Meritano sicuramente un ricordo le vittime, e il massimo rispetto i loro familiari, i quali umanamente si aspettavano di essere curate e possibilmente guarite e si sono affidate ad un sistema sanitario che ritenevano, appunto, affidabile ed immune da falle ed errori. La faccenda sarà, come è stata fino ad ora, compito di giudici, avvocati ed assicurazioni, ma sul banco degli imputati risalta ancora una grande assente: la politica sanitaria.

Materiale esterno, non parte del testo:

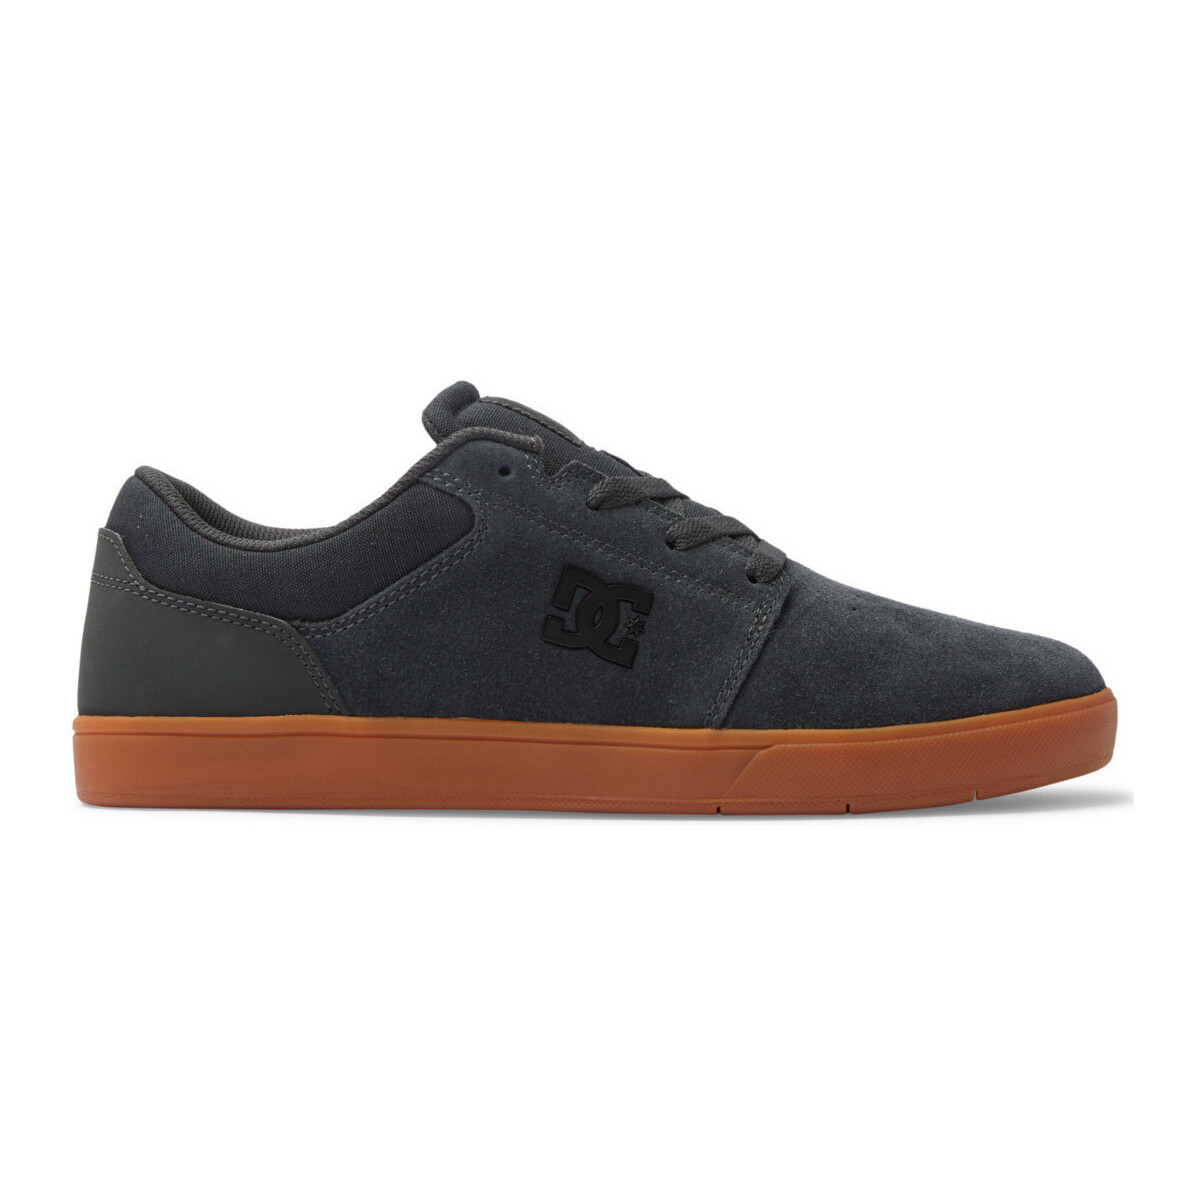 Sneakers DC Shoes Crisis 2

Sei persone, non solo una, avrebbero sbagliato. Non di un errore si sarebbe trattato, ma di una catena di errori. Il semplice calcolo delle probabilità e l’esperienza passata dovrebbero aver portato a riflettere su questa circostanza: “quasi impossibile a verificarsi”. Ma così non è stato e nessuno si interroga, almeno pubblicamente, se il tutto sia conseguenza di qualcosa di diverso e di maggiore della semplice disattenzione umana.

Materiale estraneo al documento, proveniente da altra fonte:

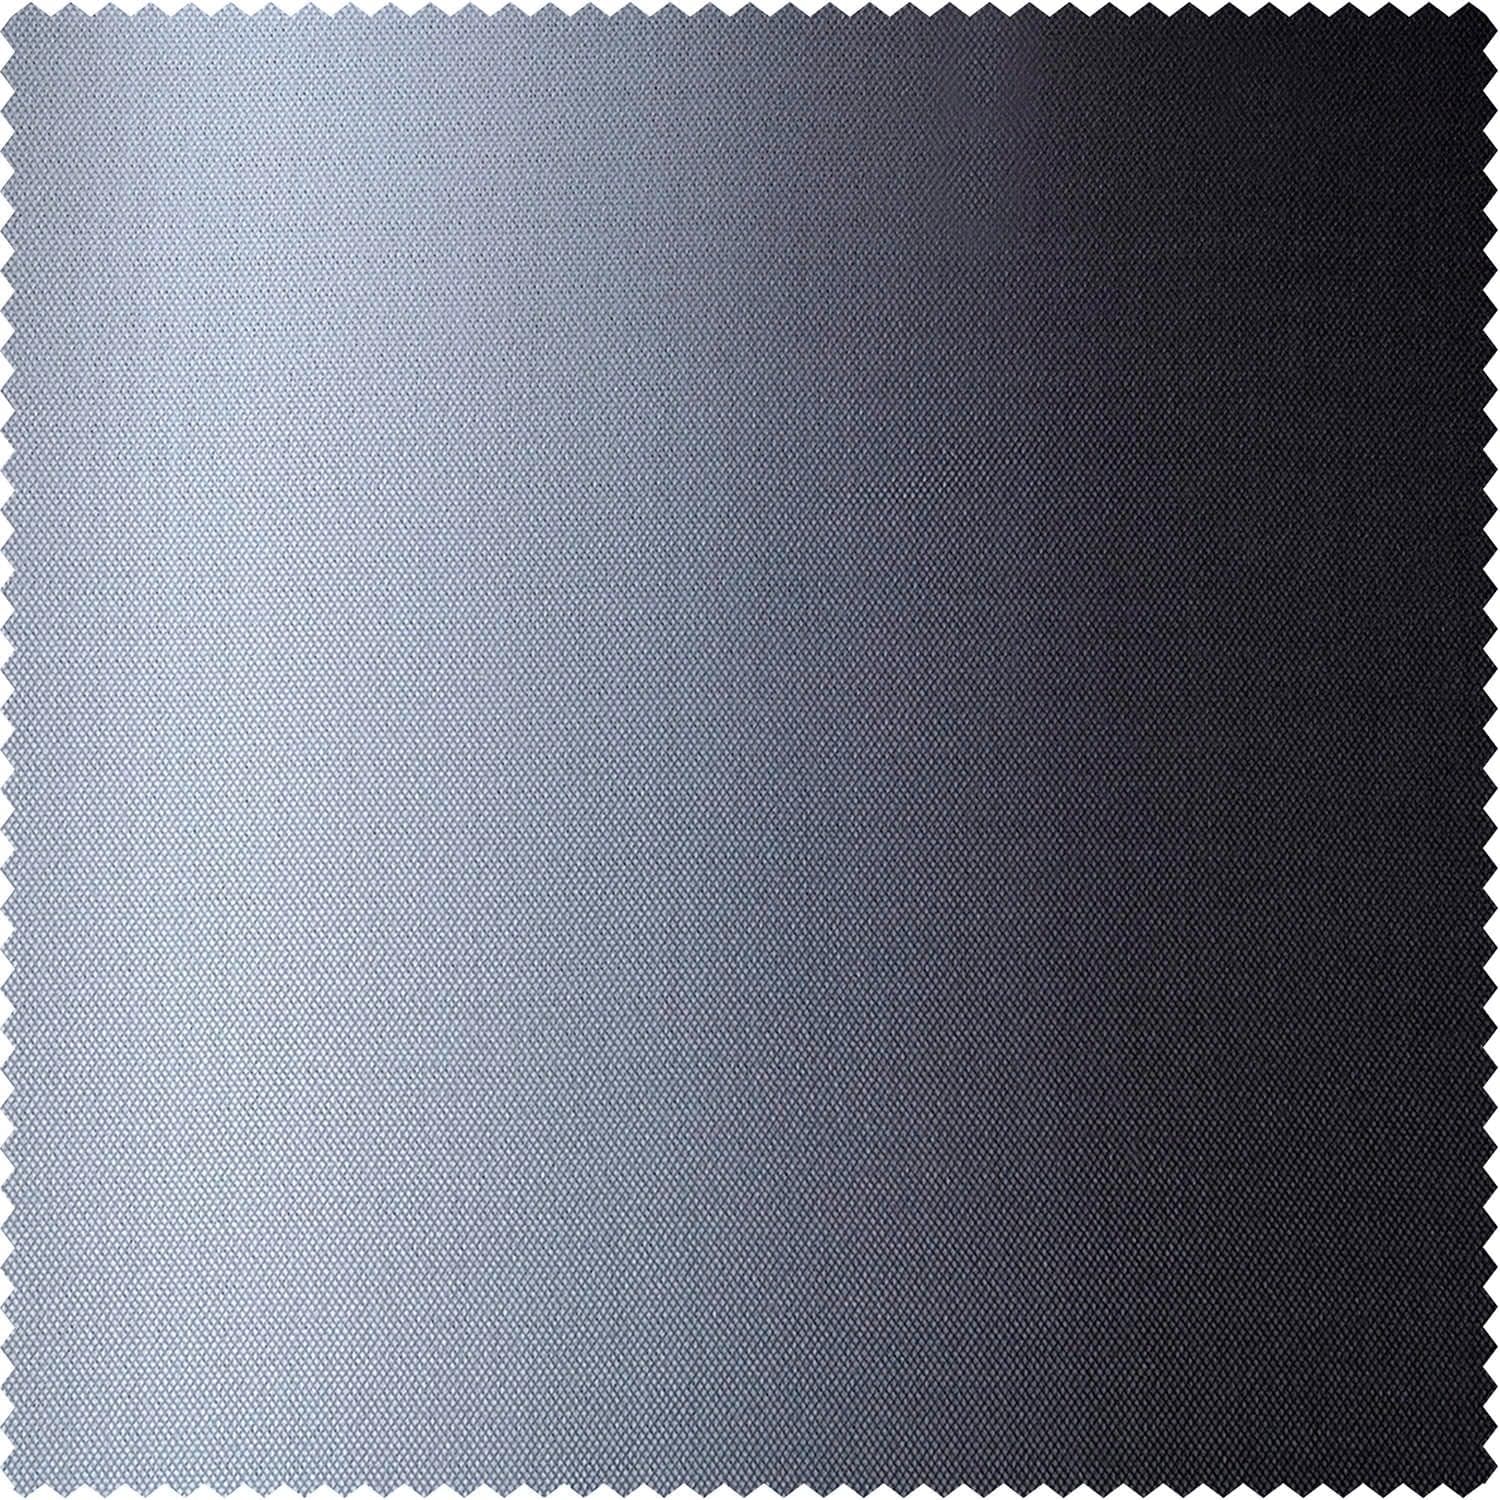 Parallel Grey Printed Faux Linen Swatch

Nell’odierna sanità, compresa quella umbra, assillata dai costi sempre crescenti, come pure la domanda di prestazioni, l’imperativo è ridurre le giornate di ricovero dei pazienti, che il più delle volte significa trasferire semplicemente i costi a carico dei cittadini. Così bisogna fare tutto di fretta e quel tutto è sempre maggiore. Tra quel tutto vi sono una serie di adempimenti amministrativi richiesti dall’azienda sanitaria, per conoscere e valutare i comportamenti delle strutture. Adempimenti che però hanno finito per gravare esclusivamente sul personale sanitario e para-sanitario. Un malinteso senso di gelosia sanitaria misto a “operaismo”, mania accentratrice ed enfatizzazione oltre misura dell’assistenza territoriale, ha privato le strutture ospedaliere della presenza di operatori amministrativi di supporto, i quali davano anche la possibilità di avere una visione binoculare della realtà. E così tutto è ora a carico degli infermieri.

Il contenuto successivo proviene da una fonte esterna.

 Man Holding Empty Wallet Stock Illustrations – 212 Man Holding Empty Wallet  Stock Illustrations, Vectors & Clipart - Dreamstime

Il problema dei costi ha agito anche sul versante dei fornitori di medicinali e prodotti sanitari. Le confezioni: flaconi e scatole erano una volta diversi per forma e colore a seconda della loro destinazione. Sui barattoli contenenti sostanze pericolose campeggiavano teschi che mettevano paura a guardarli. Ora non più: per ridurre i costi, tutti i flaconi sono uguali e pure le etichette sono semplici variazioni grafiche di un modello. Tutto è affidato agli operatori che devono avere sempre più attenzione. Un po’ come gli acrobati al circo e senza rete.

La rete è stata tolta quando si è pensato che la distribuzione dei farmaci ai reparti fosse una semplice operazione di magazzino appaltabile all’esterno. Un esterno lontano e del tutto inconsapevole delle attività dei reparti che andavano a rifornire: un medicinale è un codice e null’altro. Il farmaco è invece una componente essenziale dell’assistenza. Dovrebbe, tutta la catena, stare nel “core business” dell’azienda, per parlare nel linguaggio dei novelli “capitani d’industria” come spesso amano atteggiarsi alcuni dei massimi dirigenti della sanità. E per il core business dovrebbe valere il principio della cautela: nel dubbio, nessun rischio .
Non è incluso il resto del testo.